Saturday, September 5, 2015
20 Must Have Skills for Information Security Professionals
Here are 20 most important skills Information Security Professionals should have according to O*NetOnline.org:
Critical Thinking — Using logic and reasoning to identify the strengths and weaknesses of alternative solutions, conclusions or approaches to problems.
Reading Comprehension — Understanding written sentences and paragraphs in work related documents.
Complex Problem Solving — Identifying complex problems and reviewing related information to develop and evaluate options and implement solutions.
Speaking — Talking to others to convey information effectively.
Active Listening — Giving full attention to what other people are saying, taking time to understand the points being made, asking questions as appropriate, and not interrupting at inappropriate times.
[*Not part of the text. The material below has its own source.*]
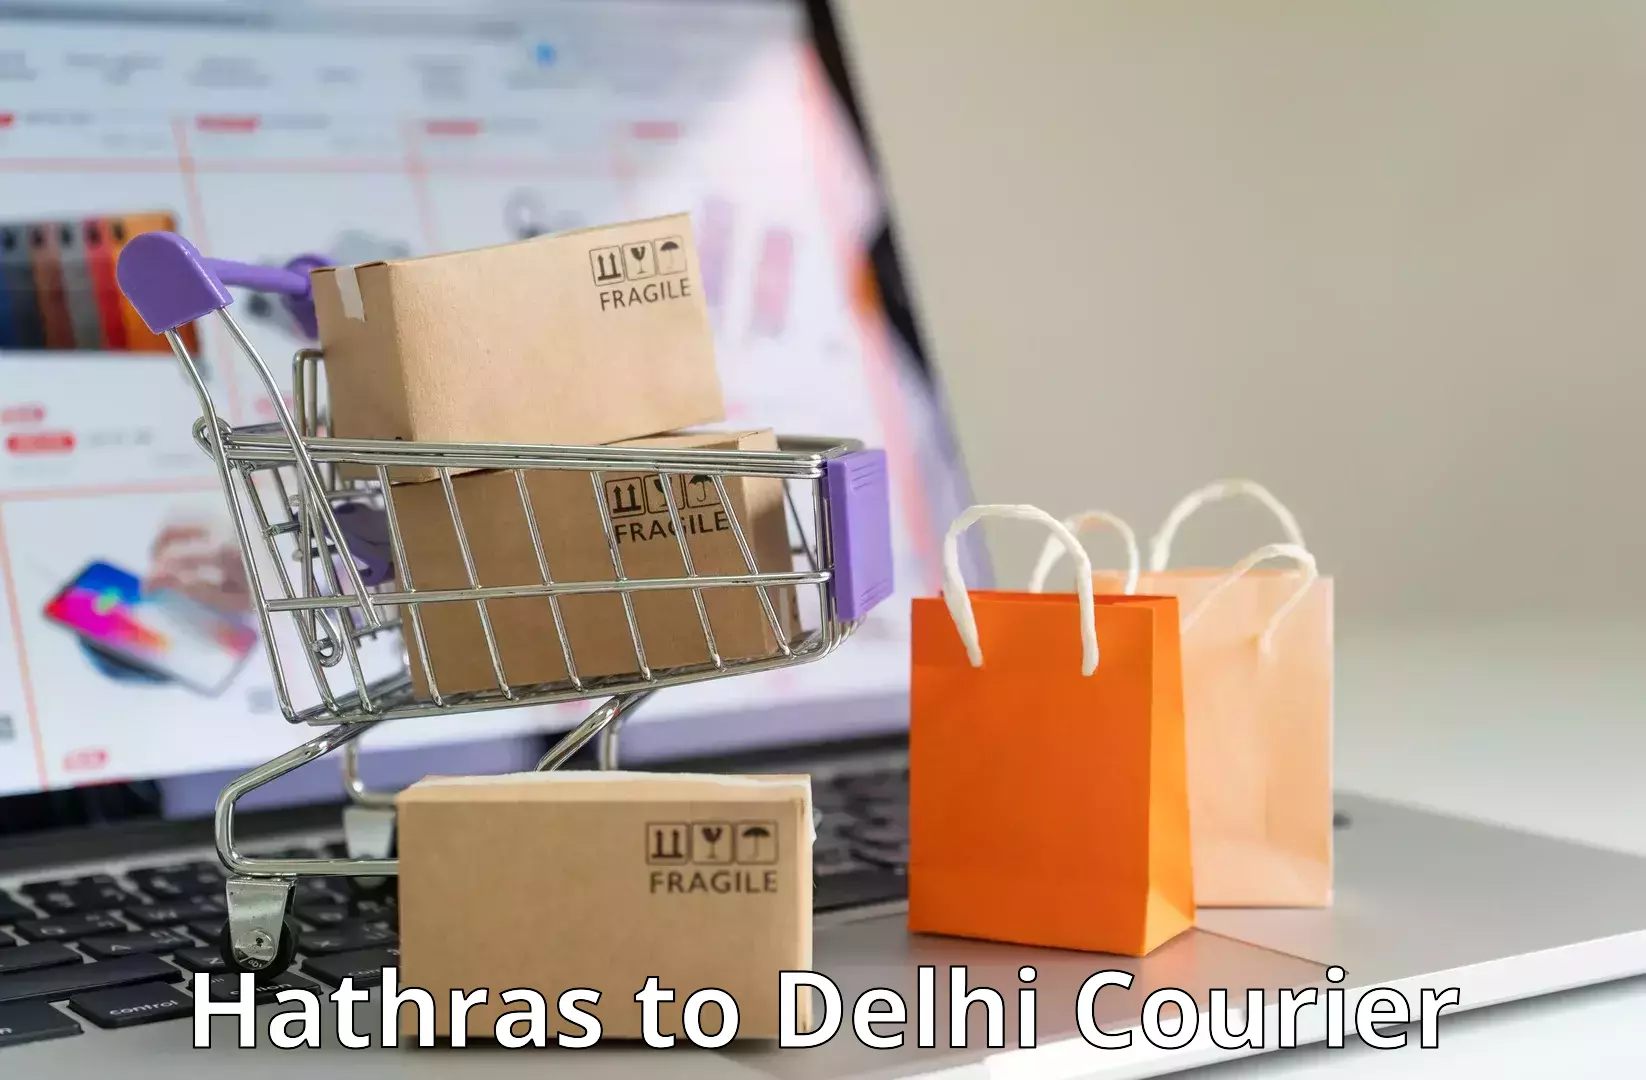 User-friendly delivery service in Hathras to East Delhi

Writing — Communicating effectively in writing as appropriate for the needs of the audience.
Judgment and Decision Making — Considering the relative costs and benefits of potential actions to choose the most appropriate one.
Time Management — Managing one's own time and the time of others.
Active Learning — Understanding the implications of new information for both current and future problem-solving and decision-making.
Monitoring — Monitoring/Assessing performance of yourself, other individuals, or organizations to make improvements or take corrective action.
Systems Analysis — Determining how a system should work and how changes in conditions, operations, and the environment will affect outcomes.
Management of Personnel Resources — Motivating, developing, and directing people as they work, identifying the best people for the job.
Systems Evaluation — Identifying measures or indicators of system performance and the actions needed to improve or correct performance, relative to the goals of the system.
Coordination — Adjusting actions in relation to others' actions.
Instructing — Teaching others how to do something.
Negotiation — Bringing others together and trying to reconcile differences.
Operation Monitoring — Watching gauges, dials, or other indicators to make sure a machine is working properly.
Quality Control Analysis — Conducting tests and inspections of products, services, or processes to evaluate quality or performance.
Service Orientation — Actively looking for ways to help people.
Social Perceptiveness — Being aware of others' reactions and understanding why they react as they do.